E agora? As sondagens acertaram e estamos no pântano que se previa. O tal que os partidos não quiseram falar em nome de maiorias absolutas que nunca existiram. O tal dos orçamentos que não se aprovam e das moções de rejeição de programa que acontecem. Uma coisa porém já sabemos: para termos governo alguém, pelo menos um partido, vai ter que dar o dito por não dito. Alguém, pelo menos um partido, vai ter que mudar de discurso e, claro, tudo isso vai alimentar mais abstenção no futuro porque muitos eleitores vão sentir-se enganados mais uma vez.

A direita tem mais votos, mais deputados e quer governar. Vivêssemos numa democracia plesbicitaria e seria o mundo perfeito. Mas estamos numa democracia parlamentar. Sem apoio do PS, não há nem governo nem orçamento da direita.
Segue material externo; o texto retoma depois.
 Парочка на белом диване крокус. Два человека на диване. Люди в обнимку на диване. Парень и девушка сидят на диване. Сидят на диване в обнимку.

E o PS não tem absolutamente nenhuma obrigação democrática de viabilizar um governo de quem discorda, contra quem pediu o voto, e que considera prejudicial para o interesse nacional. É a direita quem tem que aceitar a sua insuficiência parlamentar; ou apresenta uma solução de aproximação ao PS ou não governa. Por mais que invente qualquer direito natural ou princípio de legitimidade, numa democracia representativa, não governa quem tem mais votos, mas quem tem a confiança do Parlamento.

A esquerda tem ainda mais votos, mais deputados mas é incapaz de encontrar uma solução de governo estável. Porque um oceano de diferenças divide o PS da esquerda radical e dos comunistas. Mas o PS vai ter que fazer uma escolha, com Costa, César, Seguro ou quem seja. Opção 1, viabilizar o governo da coligação e possivelmente “pasokizar-se.” O Bloco e o PC agradecem. Podemos mesmo antecipar que o Bloco crescerá ainda mais nos escombros da ala esquerda do PS. Opção 2, inviabilizar o governo da coligação e “syrizar-se.” O PSD agradecerá nas eleições seguintes. Com ambas opções perde o PS.
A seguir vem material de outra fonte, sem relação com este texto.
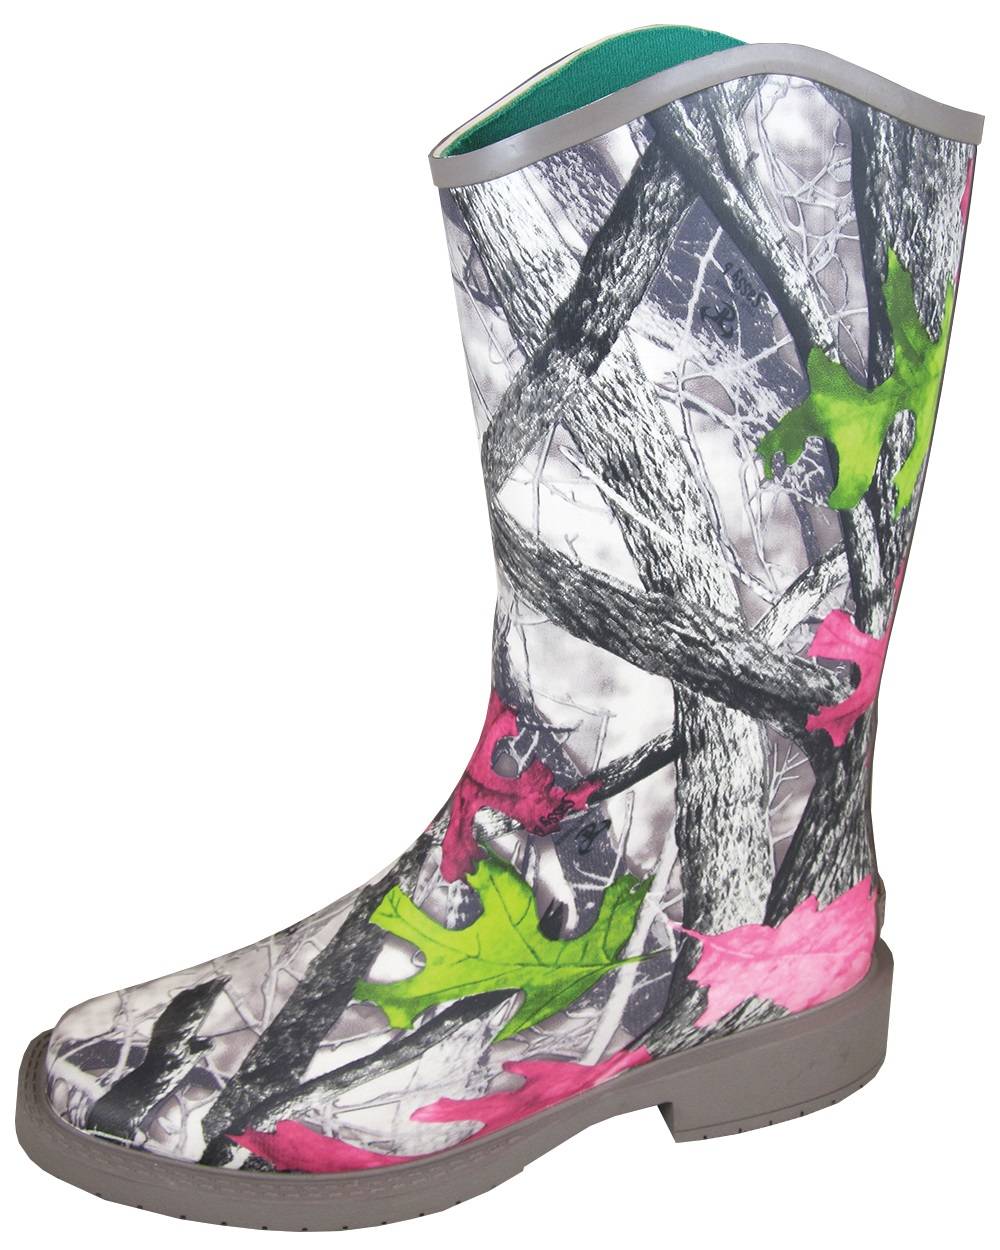 Smoky Mountain Oconee Boots - Ladies - Camo Pink

Evidentemente que a única solução numericamente estável é um Governo PS/PSD (porque graças ao crescimento do BE não há maioria numérica PS/CDS). Para isso têm que sair Costa e Passos. Só com novas personagens podemos lá chegar por mais que o Presidente da República tente consensos. Quer Costa, quer Passos têm um nível tal de rejeição no partido oposto que qualquer bloco central é impossível.
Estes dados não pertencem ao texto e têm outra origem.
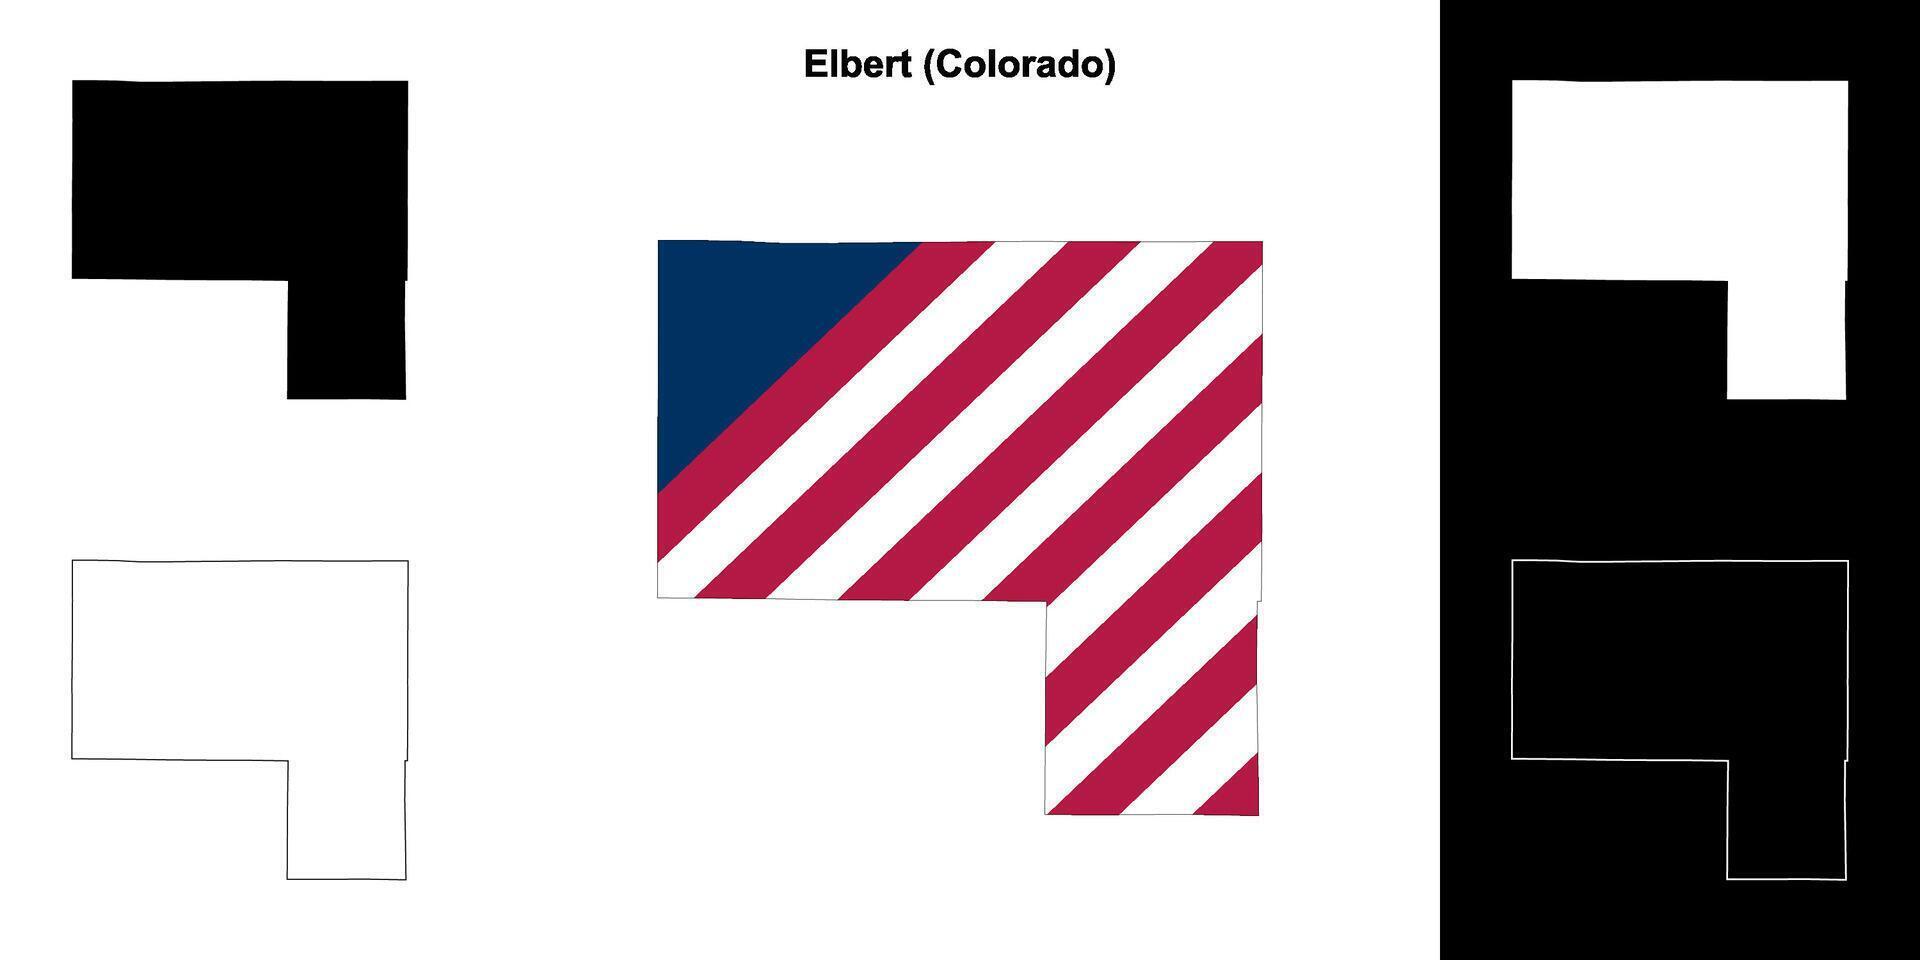 elbert contea, Colorado schema carta geografica impostato vettore

Ficando Passos, ficando Portas, mesmo que não ficando Costa, a solução que me parece com menor custo económico e social minimizando a incerteza política é um governo minoritário da coligação viabilizado pelo PS com o compromisso explícito de novas eleições em Outubro de 2016. Permite ao PS arrumar a casa (vai certamente precisar depois da derrota que sofreu). Permite ao país respirar até às presidenciais (sem as condicionar excessivamente). Impede a coligação de entrar em populismo orçamental porque é um governo minoritário ao mesmo tempo que força dois orçamentos, 2016 e 2017, negociados com o PS (as tendência eleitoralistas ficam assim algo controladas). Elimina a incerteza sobre quando cai o Governo porque as eleições ficam já combinadas. E, em Outubro de 2016, o povo volta a dizer como pretende sair desta embrulhada.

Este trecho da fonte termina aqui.